In 1998, Larsen became an adjunct professor at the University of Michigan Law School, where she taught constitutional law, criminal procedure, presidential power, and statutory interpretation.

Her academic career was interrupted by brief stints in private practice and as a deputy assistant attorney general in the Justice Department’s Office of Legal Counsel.

In September 2015, Michigan Gov. Rick Snyder appointed her to the state Supreme Court. Although Larsen has a relatively thin judicial record due to her short tenure on the court, she has made her views about judging very clear.

When Snyder appointed her, she stated, “I believe in enforcing the laws as written by the legislature and signed by the governor. I don’t think judges are a policy-making branch of the government.”

This is right in line with how her former boss, Scalia, viewed judging. Shortly after Scalia’s death, she penned an op-ed for The New York Times in which she wrote: “Justice Scalia believed in one simple principle: That law came to the court as an is not an ought. Statutes, cases, and the Constitution were to be read for what they said, not for what the judges wished they would say.”

In her 2016 retention election, she again made her views clear, writing:

Judges are supposed to interpret the laws; they are not supposed to make them. The separation of powers, enshrined in both our national and state constitutions, protects the people’s right to self-governance by allowing the elected representatives of the people to make the laws. Judges, like everyone else, are bound by those laws and must faithfully interpret them rather than re-writing them from the bench. Judges, after all, are the public’s servants, not the public’s masters.

Larsen has received an outpouring of support for her nomination, including endorsement letters from 32 University of Michigan law professors and former colleagues and 29 former government officials and colleagues.

During the hearing, she faced questions about her time at the Department of Justice and about a controversial memo that set forth a justification for enhanced interrogation techniques, including waterboarding. But Larsen was not involved in researching or drafting that memo.

She also faced questions from senators about the role of legal precedents, as well as a 2004 law review article in which she criticized the use of foreign and international law in interpreting our Constitution.

Amy Coney Barrett

Like Larsen, Barrett has a sterling resume. After graduating from Rhodes College and Notre Dame Law School, Barrett clerked for Judge Laurence Silberman on the D.C. Circuit and for Scalia on the Supreme Court.

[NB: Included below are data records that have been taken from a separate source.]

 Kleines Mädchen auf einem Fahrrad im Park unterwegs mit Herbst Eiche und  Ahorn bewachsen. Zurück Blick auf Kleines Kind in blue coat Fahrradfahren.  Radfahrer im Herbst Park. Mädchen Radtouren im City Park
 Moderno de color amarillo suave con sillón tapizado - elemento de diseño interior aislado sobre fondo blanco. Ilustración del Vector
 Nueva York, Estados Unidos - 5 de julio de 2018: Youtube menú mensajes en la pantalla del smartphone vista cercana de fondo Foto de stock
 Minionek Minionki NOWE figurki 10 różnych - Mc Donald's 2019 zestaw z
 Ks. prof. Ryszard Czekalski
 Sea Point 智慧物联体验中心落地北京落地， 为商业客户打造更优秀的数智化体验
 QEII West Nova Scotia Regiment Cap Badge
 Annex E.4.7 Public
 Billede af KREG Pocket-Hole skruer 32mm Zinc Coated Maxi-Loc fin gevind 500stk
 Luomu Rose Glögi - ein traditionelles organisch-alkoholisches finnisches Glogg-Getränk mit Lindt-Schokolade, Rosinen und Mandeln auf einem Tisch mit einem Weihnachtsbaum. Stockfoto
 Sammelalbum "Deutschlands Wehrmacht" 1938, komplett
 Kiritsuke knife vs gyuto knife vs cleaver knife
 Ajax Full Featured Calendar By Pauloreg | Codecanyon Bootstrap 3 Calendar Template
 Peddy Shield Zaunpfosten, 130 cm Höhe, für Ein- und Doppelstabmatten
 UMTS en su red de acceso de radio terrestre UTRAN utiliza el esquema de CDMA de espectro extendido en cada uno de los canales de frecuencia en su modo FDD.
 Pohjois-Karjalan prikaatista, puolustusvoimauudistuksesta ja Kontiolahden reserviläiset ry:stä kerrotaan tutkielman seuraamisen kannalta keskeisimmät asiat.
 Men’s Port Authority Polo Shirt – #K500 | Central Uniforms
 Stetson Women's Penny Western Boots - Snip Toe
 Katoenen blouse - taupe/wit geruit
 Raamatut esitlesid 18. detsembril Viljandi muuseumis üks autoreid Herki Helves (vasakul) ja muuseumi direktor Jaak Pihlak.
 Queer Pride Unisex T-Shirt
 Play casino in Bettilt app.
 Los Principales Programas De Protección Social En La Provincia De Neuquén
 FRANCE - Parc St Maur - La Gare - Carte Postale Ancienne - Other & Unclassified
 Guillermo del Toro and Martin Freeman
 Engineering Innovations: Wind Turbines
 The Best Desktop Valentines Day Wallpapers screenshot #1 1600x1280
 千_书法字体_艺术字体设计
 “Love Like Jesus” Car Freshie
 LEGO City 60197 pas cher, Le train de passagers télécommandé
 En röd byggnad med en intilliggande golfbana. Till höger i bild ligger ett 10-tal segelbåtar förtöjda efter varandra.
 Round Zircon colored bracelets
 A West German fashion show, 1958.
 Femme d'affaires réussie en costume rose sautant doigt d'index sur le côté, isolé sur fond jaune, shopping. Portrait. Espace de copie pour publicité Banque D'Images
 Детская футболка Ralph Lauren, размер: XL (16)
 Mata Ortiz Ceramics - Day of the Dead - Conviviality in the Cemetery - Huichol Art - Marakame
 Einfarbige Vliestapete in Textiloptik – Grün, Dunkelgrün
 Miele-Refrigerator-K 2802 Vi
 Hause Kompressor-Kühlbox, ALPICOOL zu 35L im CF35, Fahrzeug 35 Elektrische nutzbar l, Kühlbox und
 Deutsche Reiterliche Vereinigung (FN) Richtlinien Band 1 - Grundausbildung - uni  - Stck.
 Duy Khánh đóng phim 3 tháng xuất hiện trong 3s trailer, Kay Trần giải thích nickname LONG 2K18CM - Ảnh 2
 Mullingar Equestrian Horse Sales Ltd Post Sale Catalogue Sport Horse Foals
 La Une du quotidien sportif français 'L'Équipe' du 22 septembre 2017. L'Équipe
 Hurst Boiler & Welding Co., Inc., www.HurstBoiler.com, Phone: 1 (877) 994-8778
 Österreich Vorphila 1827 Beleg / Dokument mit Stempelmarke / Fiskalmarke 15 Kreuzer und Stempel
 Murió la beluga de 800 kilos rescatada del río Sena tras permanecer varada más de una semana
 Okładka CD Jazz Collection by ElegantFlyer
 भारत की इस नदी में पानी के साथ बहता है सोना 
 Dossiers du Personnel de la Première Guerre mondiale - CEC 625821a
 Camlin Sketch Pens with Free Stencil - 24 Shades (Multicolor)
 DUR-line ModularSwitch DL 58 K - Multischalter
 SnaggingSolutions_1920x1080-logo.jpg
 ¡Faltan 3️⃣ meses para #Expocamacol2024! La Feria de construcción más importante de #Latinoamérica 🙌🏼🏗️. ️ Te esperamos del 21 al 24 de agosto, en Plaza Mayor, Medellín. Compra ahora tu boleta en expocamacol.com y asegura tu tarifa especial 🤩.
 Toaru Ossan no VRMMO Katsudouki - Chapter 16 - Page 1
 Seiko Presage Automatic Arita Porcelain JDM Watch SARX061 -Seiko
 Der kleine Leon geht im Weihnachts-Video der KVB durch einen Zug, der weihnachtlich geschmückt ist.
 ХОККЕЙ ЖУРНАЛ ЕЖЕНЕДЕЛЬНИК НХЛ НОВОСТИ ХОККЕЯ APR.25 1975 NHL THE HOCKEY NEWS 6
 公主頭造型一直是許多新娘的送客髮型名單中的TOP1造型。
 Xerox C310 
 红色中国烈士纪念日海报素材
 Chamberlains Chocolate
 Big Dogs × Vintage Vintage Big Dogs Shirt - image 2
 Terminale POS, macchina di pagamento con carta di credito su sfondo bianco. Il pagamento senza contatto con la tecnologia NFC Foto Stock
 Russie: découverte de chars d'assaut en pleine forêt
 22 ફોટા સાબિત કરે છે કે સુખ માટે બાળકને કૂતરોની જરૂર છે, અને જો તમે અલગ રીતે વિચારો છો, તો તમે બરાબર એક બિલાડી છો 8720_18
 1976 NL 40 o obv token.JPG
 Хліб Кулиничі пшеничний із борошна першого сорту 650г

She then worked in private practice (where she was part of the team that represented George W. Bush in Bush v. Gore) before starting her career in academia, teaching briefly at George Washington University and the University of Virginia before joining the Notre Dame Law faculty in 2002.

She teaches constitutional law, federal courts, statutory interpretation, civil procedure, and evidence. Notre Dame twice recognized her as distinguished professor of the year.

Barrett is also a prolific writer, having published in leading law reviews across the country on topics including originalism, federal court jurisdiction, and the supervisory power of the Supreme Court.

In 2010, Chief Justice John Roberts appointed her to the Advisory Committee for the Federal Rules of Appellate Procedure, where she served for six years.

Barrett has robust bipartisan support from the legal community. Shortly after her nomination, endorsement letters poured in to the Judiciary Committee from lawyers across the political spectrum, including 450 former students49 Notre Dame law colleagues, and every fellow Supreme Court clerk that served with her.

The Judiciary Committee also received an endorsement letter from 73 law professors from across the country who called Barrett’s qualifications “first-rate,” including Neal Katyal, a prominent liberal who served as President Barack Obama’s acting solicitor general.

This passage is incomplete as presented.